BY THE TIME THE BUS GROANS TO A STOP in Bone Valley, the fog that shrouded the mountains has given way to a wash of sunlight. Vance and her sisters step from the bus onto a flat clearing surrounded by soaring oaks, maples and poplars. There must be 100 people already gathered on a flat patch of ground beneath the forest canopy. Vance says that a man named Ike Welch used to live here. She says he lived in a white house and that beyond the nearby bank a cornfield grew. She points to one tree, all crooked over and apparently half dead. She says she remembers how it used to grow in Welch's front yard. I say I am amazed at how thoroughly the forest has erased the evidence that people ever lived here.

Well, Mother Nature had some assistance, Vance says. In the early 1950s, the Park Service came in to burn or raze any structures on the North Shore that hadn't already been salvaged.

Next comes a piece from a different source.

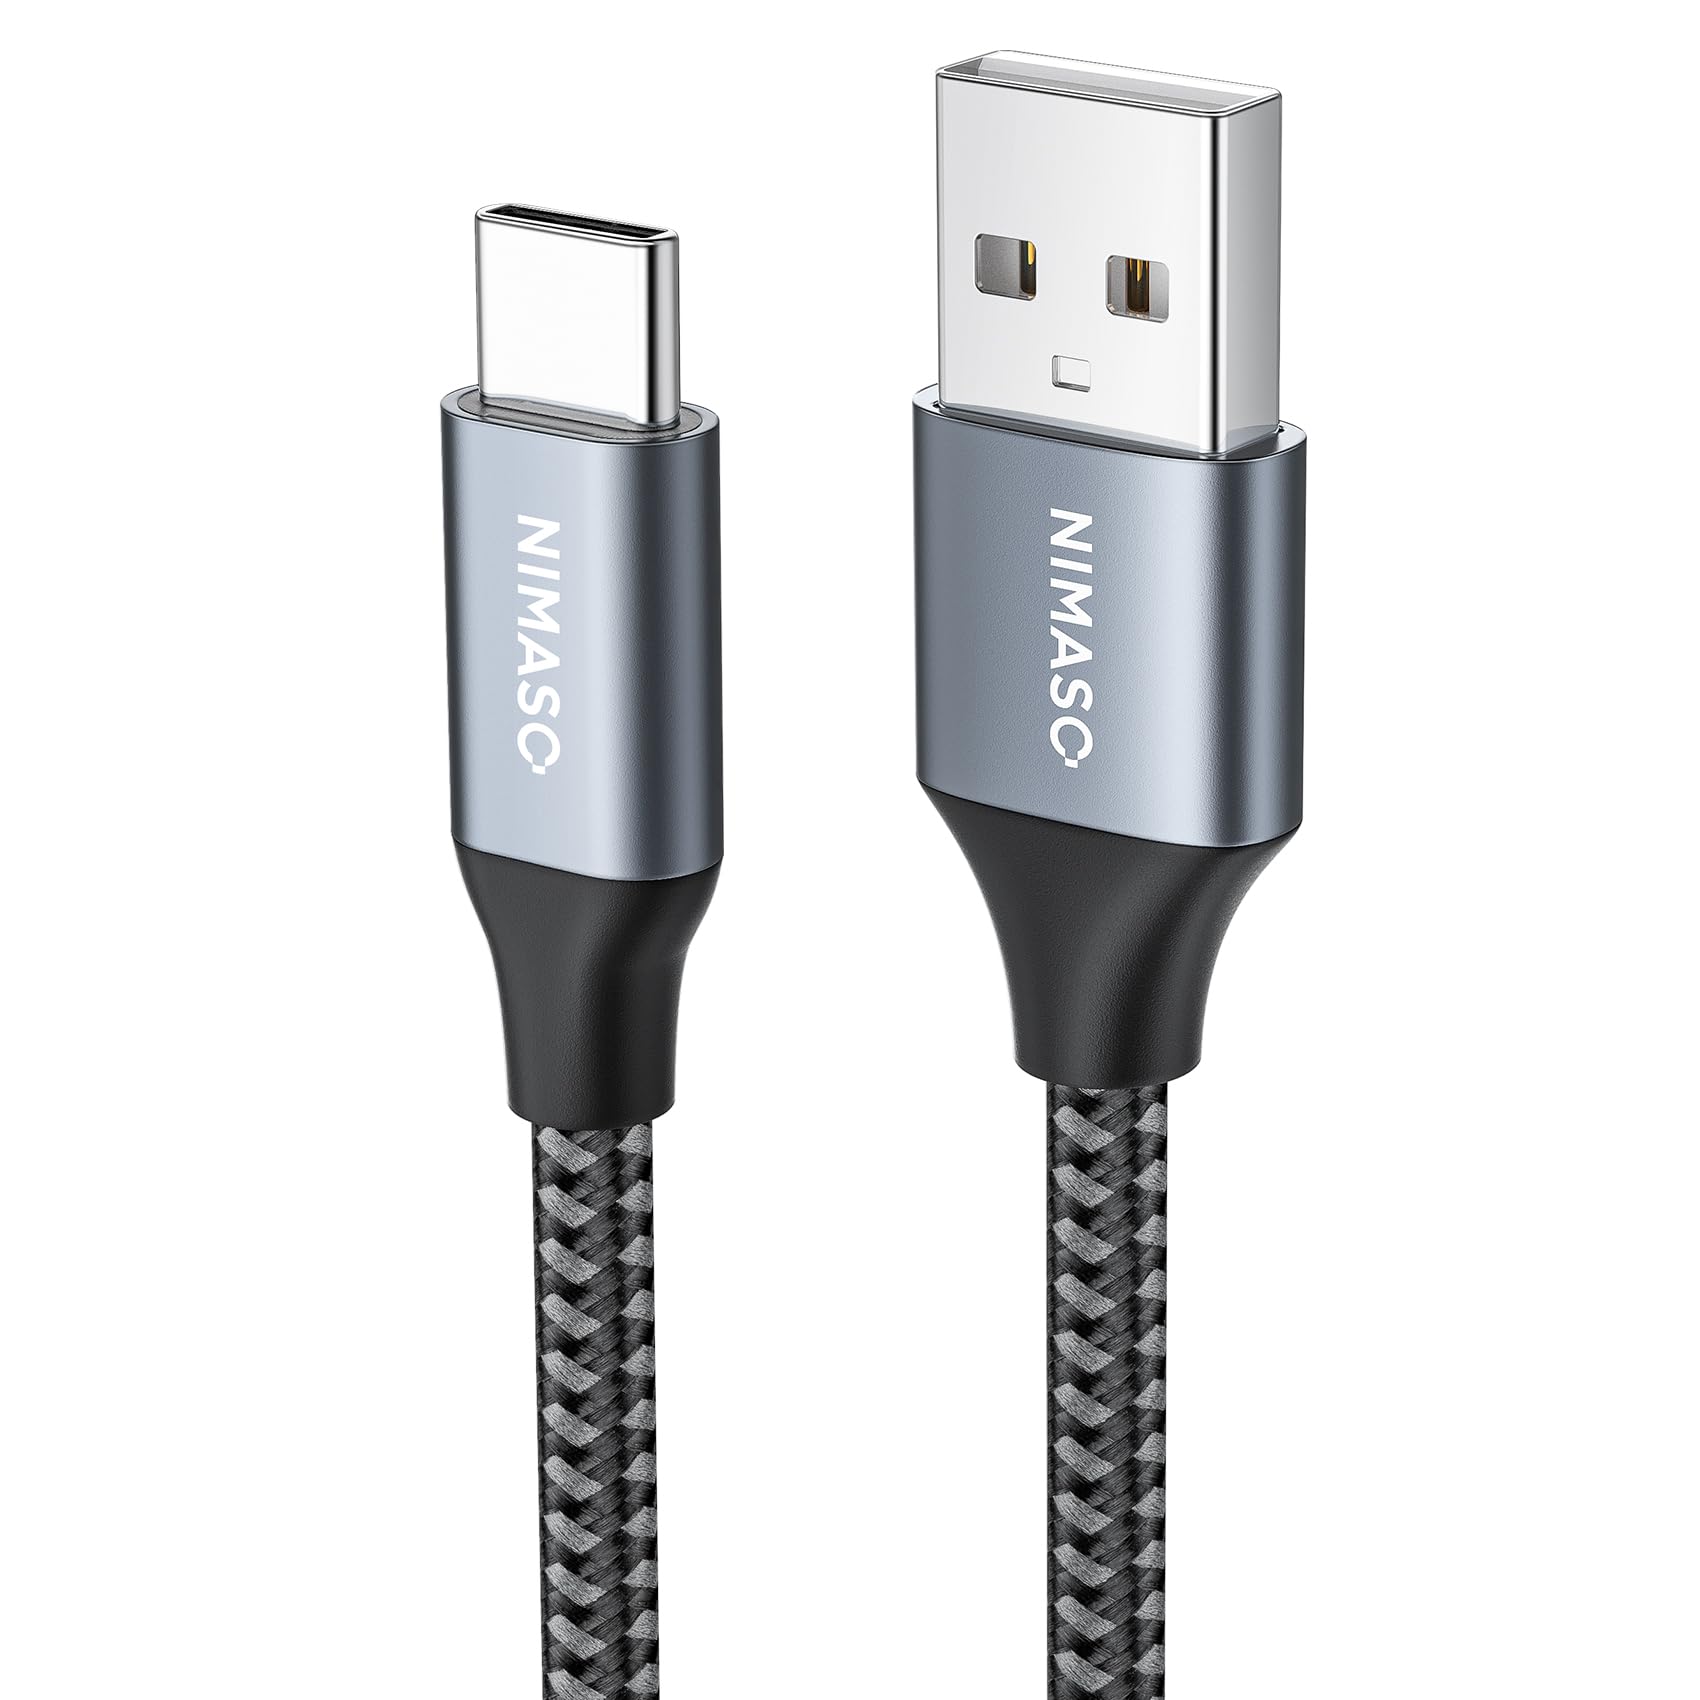 NIMASO USB Type C ケーブル 0.3mQC3.0対応 3A急速充電 タイプc 充電ケーブル iPad Pro、Sony、Galaxy、Huawei その他Android 等 USB-C 機器対応 NCA20L172
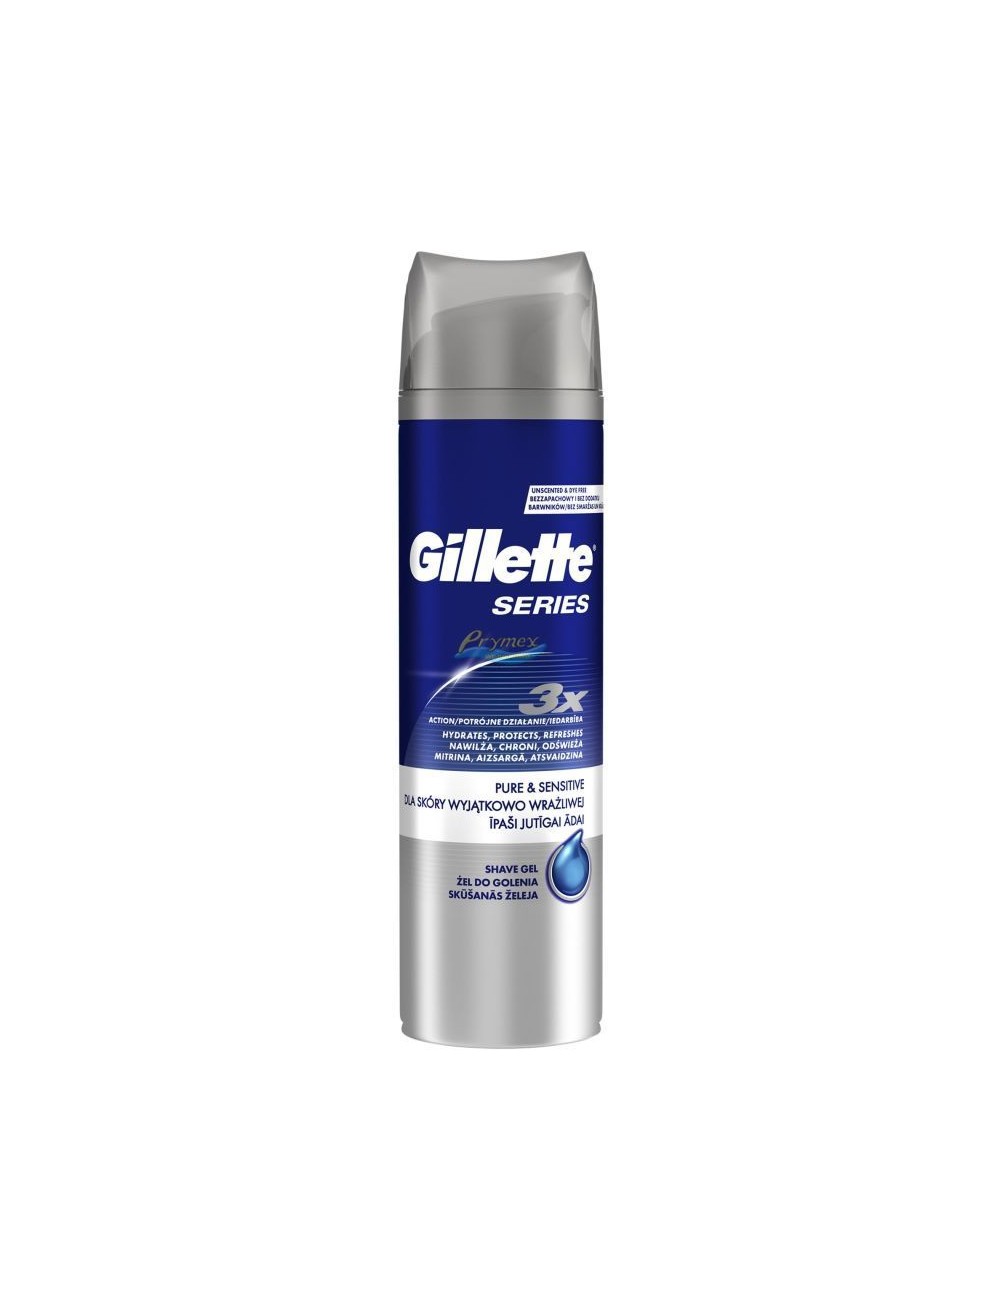 Gillette Series 3x Pure & Sensitive Żel do Golenia dla Skóry Wyjątkowo Wrażliwej 200 ml

Now the former residents and their descendants unpack lunch coolers and baskets, spreading meals across a bank of picnic tables, while the sounds of four fiddlers fill the woods. Vance passes out hymnals, and soon we gather around Chris Chandler, a homicide detective and amateur preacher from Waynes-ville, N.C., whose grandmother was raised on the North Shore. He leads the congregation in prayer. "This is our heritage. It's where we come from," Chandler says. He makes no reference to the North Shore road--but he doesn't have to. It seems like the most fashionable articles of clothing are hats and T-shirts that simply read: "Build the Road."